夕暮れバス

岬


 春まだ浅い北の岬。

 バスは灯台のほとりで二人を降ろす。
 10分後、乗客は空っぽのままバスは海沿いの道を戻っていった。

 「着いたよ」
 和人は由美の目を見て微笑んだ。
 「ここが和人の育った所なのね」
 「どう、驚いた?」
 「聞いてはいたけどちょっと驚いた」
 
 岬には岸壁の上に突き出た灯台があるだけ。
 それでも夜には沖を行く船の命を預かる女神の光となるのだろう。

 灯台の側には海岸に降りていく山道が一本。
 見下ろすとわずか十数軒ばかりの集落が身を寄せ合うように建っていた。

 「すごい田舎だろ、見てごらん、この時刻表」
 「えっ・・これだけ?」
 「ああ、バスは一日二往復だけ」
 「これで通学してたの?」
 「もちろん、町へ行くのは朝の6時と今折り返した昼の11時の2本」
 「帰りは?」
 「僕らが乗ってきた朝の9時と夕方の6時、僕ほど規則正しい学校生活を送った高校生はいないね、毎日往復4時間の通学さ」

 和人はちょっぴり恥ずかしそうに肩をすくめて見せた。

 「じゃ、行こうか」
 「ええ」

 
 布団の中には一人の老女が寝ていた。
 

 「おばあちゃん・・聞こえる?和人です」
 和人が耳元で囁きかける。
 「和人かい・・聞こえるよ」
 彼女は仏様のような笑顔と消え入りそうな声で応えた。
 「この人はね、川口由美さん、僕のお嫁さんになる人」
 「・・そうかい・・よかったね」
 「おばあちゃん・・はじめまして、由美です、よろしくお願いします」

 和人と由美は代わる代わる彼女の手を握りしめては微笑みかけた。
 何度もうなずく彼女の頬を大粒の涙がいく筋も流れた。

 「和人、由美さん・・よく来てくれたね・・間に合った・・」
 和人の母も枕元でまた涙にくれていた。
 
 
 翌日、二人は夕暮れの灯台にいた。

 「由美、どうもありがとう、わざわざ来てくれて」
 「ううん、和人のおばあ様に会えてよかった」

 早春にしてはあたたかい風が岬を流れる。
 二人の頬を優しく撫で由美の長い髪が風に揺らめいた。
 眼下に見える果てしない海は夕日を浴びて絵葉書のように美しい。

 その時だ。
 背後から微かなエンジン音が・・

 由美はその音に振り返る。

 「あら、バスだわ」

 海沿いの一本道を灯台に向かって一台のボンネットバスが近づいてくる。
 黄昏時の群青色の中をまるで蛍が泳ぐようにバスの光は灯台の下で止まった。

 和人の表情が一瞬凍りつく。

 「由美、あのバスが見えるのかい?」
 「ええ、でも変ね、バスが着くのは夜の8時でしょ」
 「本当に見えるんだね」
 「ちょっと見てくるわ」
 
 バスに向けて走り出そうとする由美の腕を和人が掴んだ。

 「由美!だめだ、行っちゃいけない!」

 振り向いた由美を和人は自分の方に引き寄せ、そして後ろから抱きしめるようにして耳元でゆっくりと話す。

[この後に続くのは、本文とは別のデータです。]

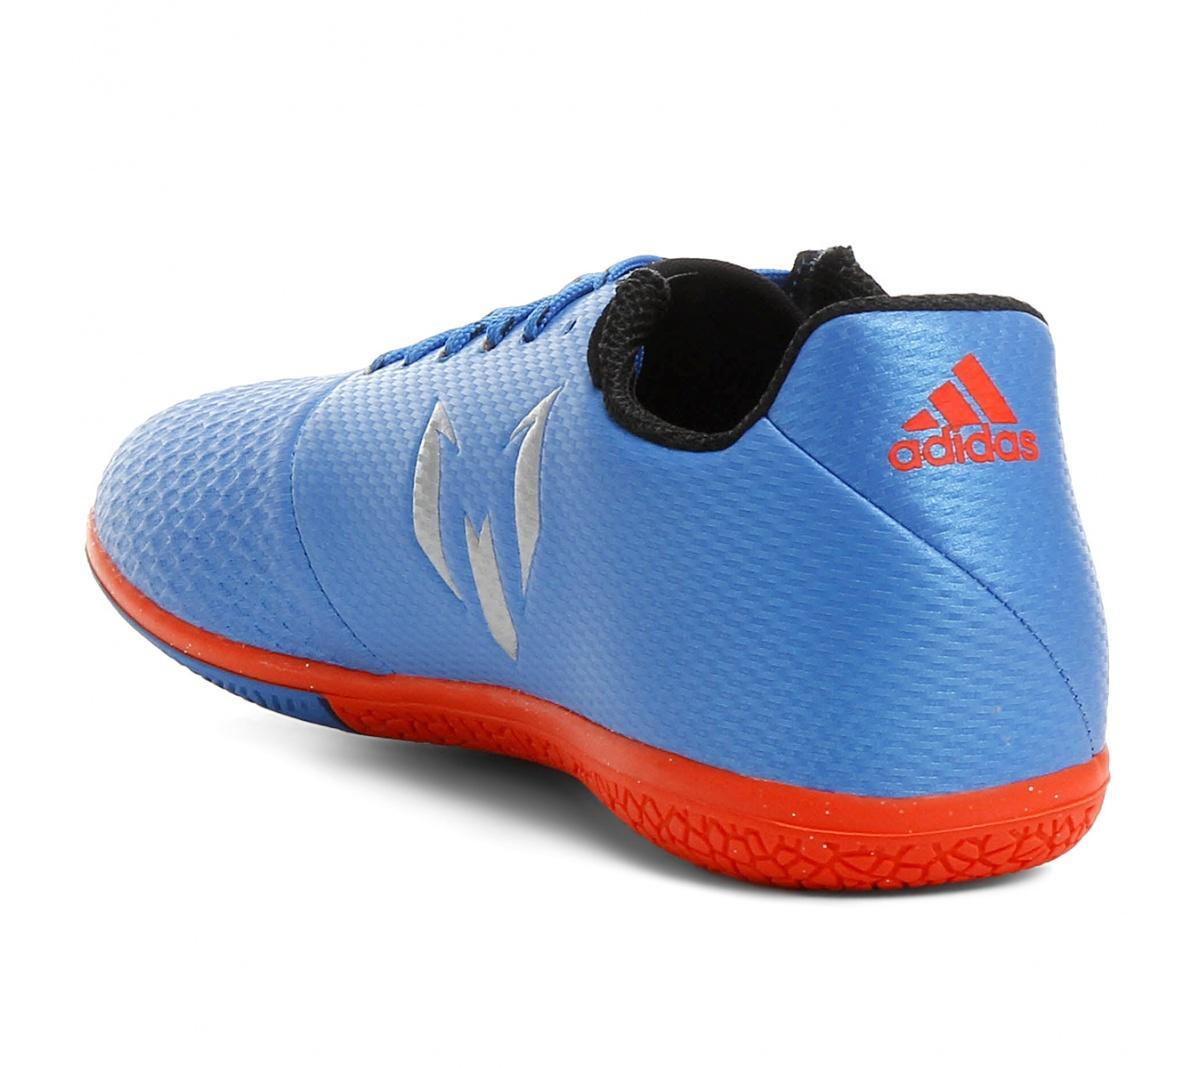 Tênis Adidas Messi 16.3 Futsal Infantil Az - Mundo do Futebol 674851cfa2867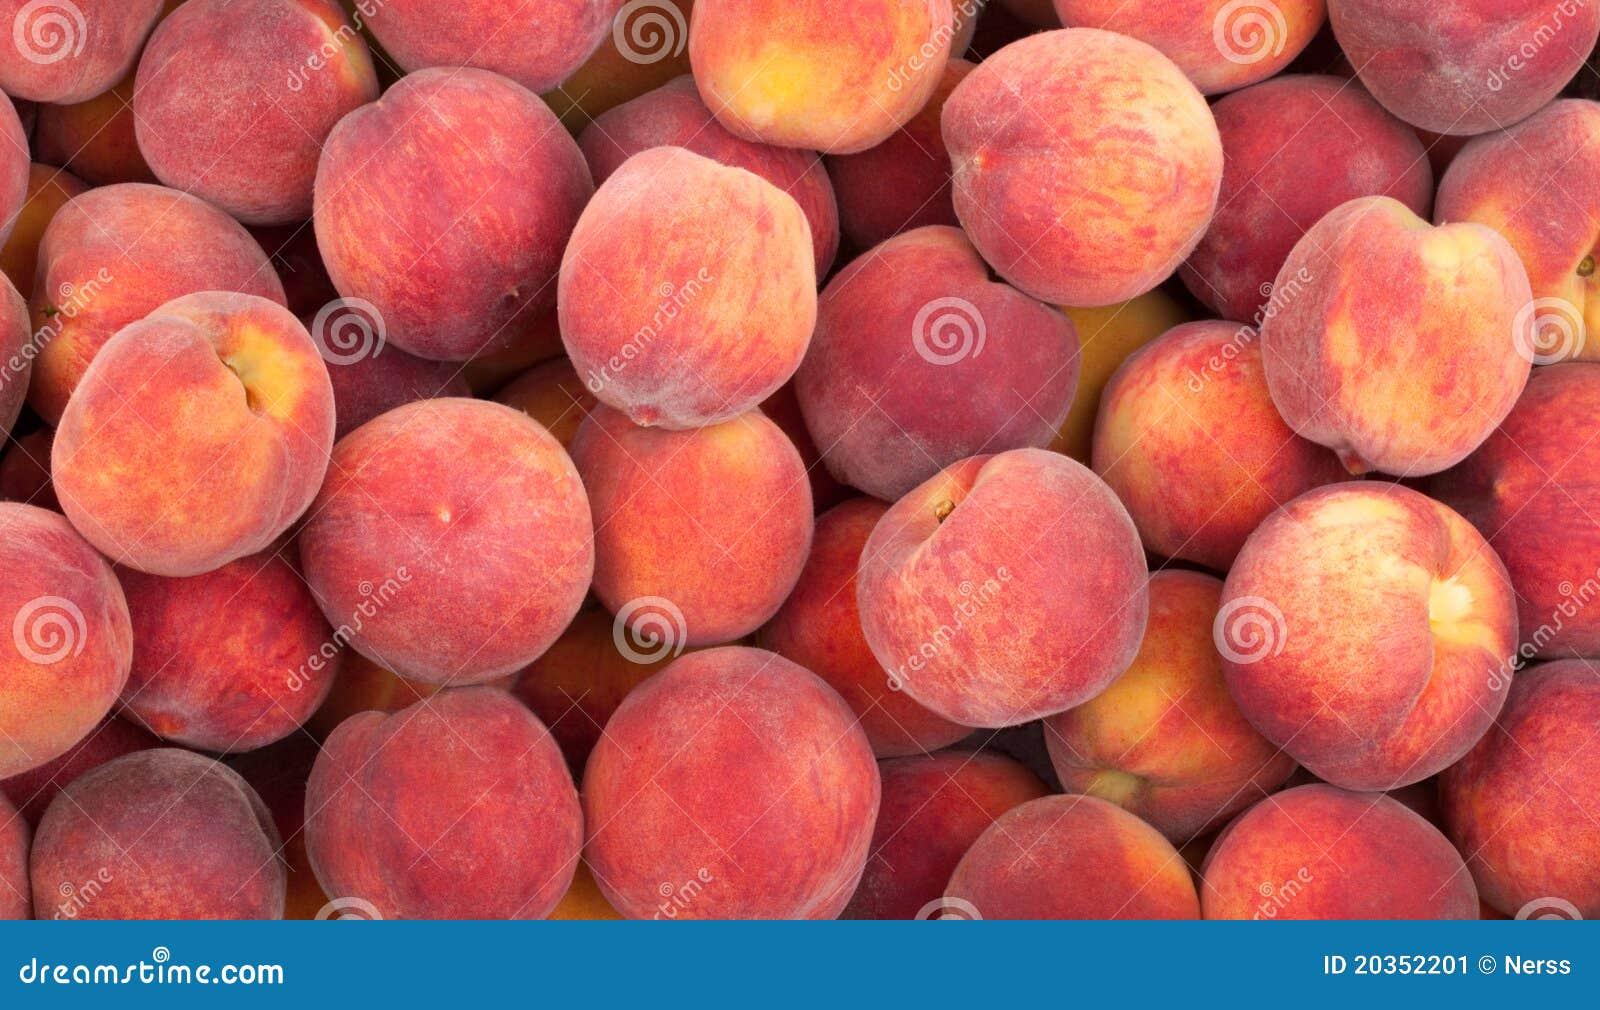 Peach fruits background

 「よく見てごらん・・・あのバスは0番バス、ここに住んでいる人にしか見えないバスって言われてる」
 「えっ」
 「亡くなった人を迎えにくるバスなんだ」
 「和人は見たことあるの?」
 「うーん・・小さい頃に・・でも幻だろうって・・」
 「ねえ、誰か乗るわ」
 和人はその光景を見つめると悟ったようにつぶやいた。
 「・・・おばあちゃんだ・・きっと」

 遠い彼方、わずかにのぞいていた夕日の最後の一片が、今、水平線に没した。

 「一緒にお別れを言ってくれるかい」
 「ええ・・」

 バスは黄昏の道を走り出す。
 すると、暗闇に消えていくと思いきや、その光はゆっくりと空へ向けて舞い上がっていった。

 「さよなら・・おばあちゃん」
 二人は両手を重ね合わせて光が空に溶けるのを見届けると静かに目を閉じた。
 暗闇が二人を包み込む。

 
 町へ帰った翌日
 和人は由美の体に新しい命が宿ったことを知った。



夕暮れバス

黄昏の海


 



※ 作品の画像の中には自分で撮影したもの以外にネット上からお借りしたものがあります、問題があればご指摘ください、削除したします。




関連記事
.24 2015 小説 comment6 trackback0

comment

尾道貴志
きりぎりす さんへ

重松清さんの作品はずいぶんと読んではいるのですが、流星ワゴンは未読です。
ご紹介いただき感謝します。
身も心もクタクタの日々というフレーズにドキッとさせられました。
思い切り泣きたくなる、泣きたい、その気持ち共感します。

タイムスリップものは料理の仕方次第で面白くも陳腐にもなります。
映画だと「地下鉄に乗って」が好きです。

もちろん「バックトゥザフューチャー」や「時をかける少女」にも心躍らせました(^^)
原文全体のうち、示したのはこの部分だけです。